POS & NER Part 2: Name Entity Recognition
Today, we’ll explore of of NLP fundamental task, Named Entity Recognition (NER). NER involves identifying and classifying named entities within text, such as people, organizations, locations, dates, and quantities. These entities provide crucial context and meaning to the text. Our objective for today is to take a raw text as input and apply NER techniques to extract and categorize the relevant named entities. Let’s start by adding the Spacy library.
import spacy
nlp = spacy.load('en_core_web_sm')
Alright, next up, let’s create a variable to hold the text we’re gonna work with. I’m gonna use a big chunk of text for this one
doc = nlp(u'Elon Musk announced that Tesla, Inc. will open a new manufacturing plant in Berlin, Germany, by the end of 2025. The facility is expected to produce over 100,000 electric vehicles annually and create thousands of jobs in the region. Last year, SpaceX, another company founded by Musk, successfully launched its Starship rocket from Cape Canaveral in Florida, marking a major milestone in space exploration. The announcement was made during the 2024 International Automotive Expo in New York City, where several companies, including BMW and Ford, showcased their latest innovations.')

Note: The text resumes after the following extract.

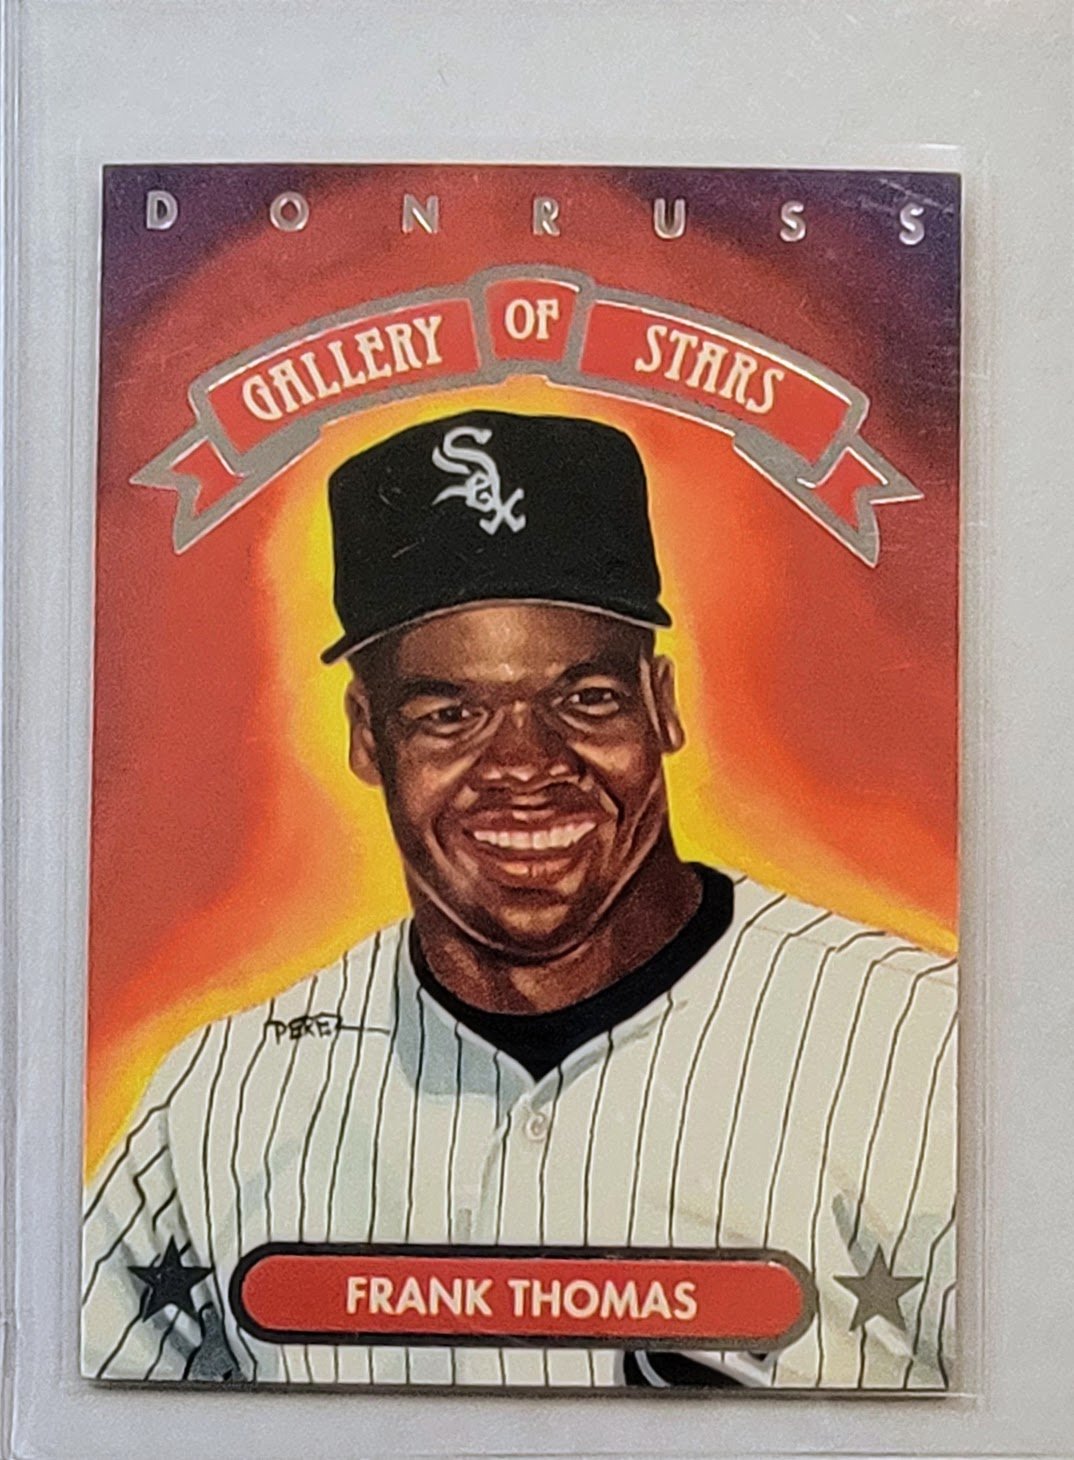 1993 Donruss Gallery of Stars Frank Thomas Baseball Trading Card TPTV simple Xclusive Collectibles

We’re gonna build a function to show us the entity information.
def show_ents(doc):
if doc.ents:
for ent in doc.ents:
print(f"{ent.text:{30}} {ent.label_:{10}} {str(spacy.explain(ent.label_))}")
else:
print('No entities found')
show_ents(doc)
After you run the code, you’ll see that the text we’re using is packed with entities.
Let’s figure out how many times each entity is mentioned.
from collections import Counter
def count_ents(doc):
ent_labels = [ent.label_ for ent in doc.ents]
counts = Counter(ent_labels)
for label, count in counts.items():
print(f"{label:{10}} {count}")
count_ents(doc)
Now you can see a list of all the entities and how often they show up. You’ll notice that some of them appear more than once.
Let’s visualize it to show it better. But this time, I want to highlight only on GPE and PERSON.
for sents in doc.sents:
colors={'GPE':'radial-gradient(#a18cd1 ,#6a11cb )', 'PERSON':'radial-gradient(#ff9a9e ,#b91d73 )'}
options = {'ents':['GPE', 'PERSON'], 'colors':colors}
displacy.render(nlp(sents.text), style='ent', jupyter=True, options=options)
Here’s what I got when I made a picture of the named entities. I put each sentence on its own line and highlighted GPE and PERSON entities.
There could be times when you need to include more entities. Let’s do another example with a shorter text.
docs = nlp(u'She is an avid book reader and spends hours every day immersed in novels.'
u'The book-reader she bought, similar to the Amazon Kindle, makes reading more convenient on the go.')
show_ents(docs)
As we can see, there are two entities listed on on the text
For this one, I want to include ‘book reader’ and ‘book-reader’ to our list of entities and see what happens. We need to add ‘book reader’ and ‘book-reader’ to our list. Now let’s see if they match anything in the text
from spacy.matcher import PhraseMatcher
matcher = PhraseMatcher(nlp.vocab)
phrase_list = ['book reader', 'book-reader']
phrase_pattern = [nlp(text) for text in phrase_list]
matcher.add('br', None, *phrase_pattern)
found_matches = matcher(docs)
for match_id, start, end in found_matches:
string_id = nlp.vocab.strings[match_id]
span = docs[start:end]
print(match_id, string_id, start, end, span.text)
We found 2 matches in the text.
Now let’s sign the phrase list as product entity
from spacy.tokens import Span
PROD = docs.vocab.strings[u'PRODUCT']
new_entities = [Span(docs,match[1],match[2],label=PROD) for match in found_matches]
docs.ents = list(docs.ents) + new_entities
show_ents(docs)
Here’s the updated list of entities. ‘book reader’ and ‘book-reader’ are now listed as PRODUCT entities.
In today’s exploration of Named Entity Recognition (NER), we’ve successfully demonstrated its ability to extract and categorize crucial information from raw text. By leveraging the Spacy library and applying NER techniques, we were able to identify and analyze various named entities, including people, organizations, locations, and even custom entities like “book reader.” Through our visualizations and analysis, we gained valuable insights into the frequency and distribution of these entities within the text.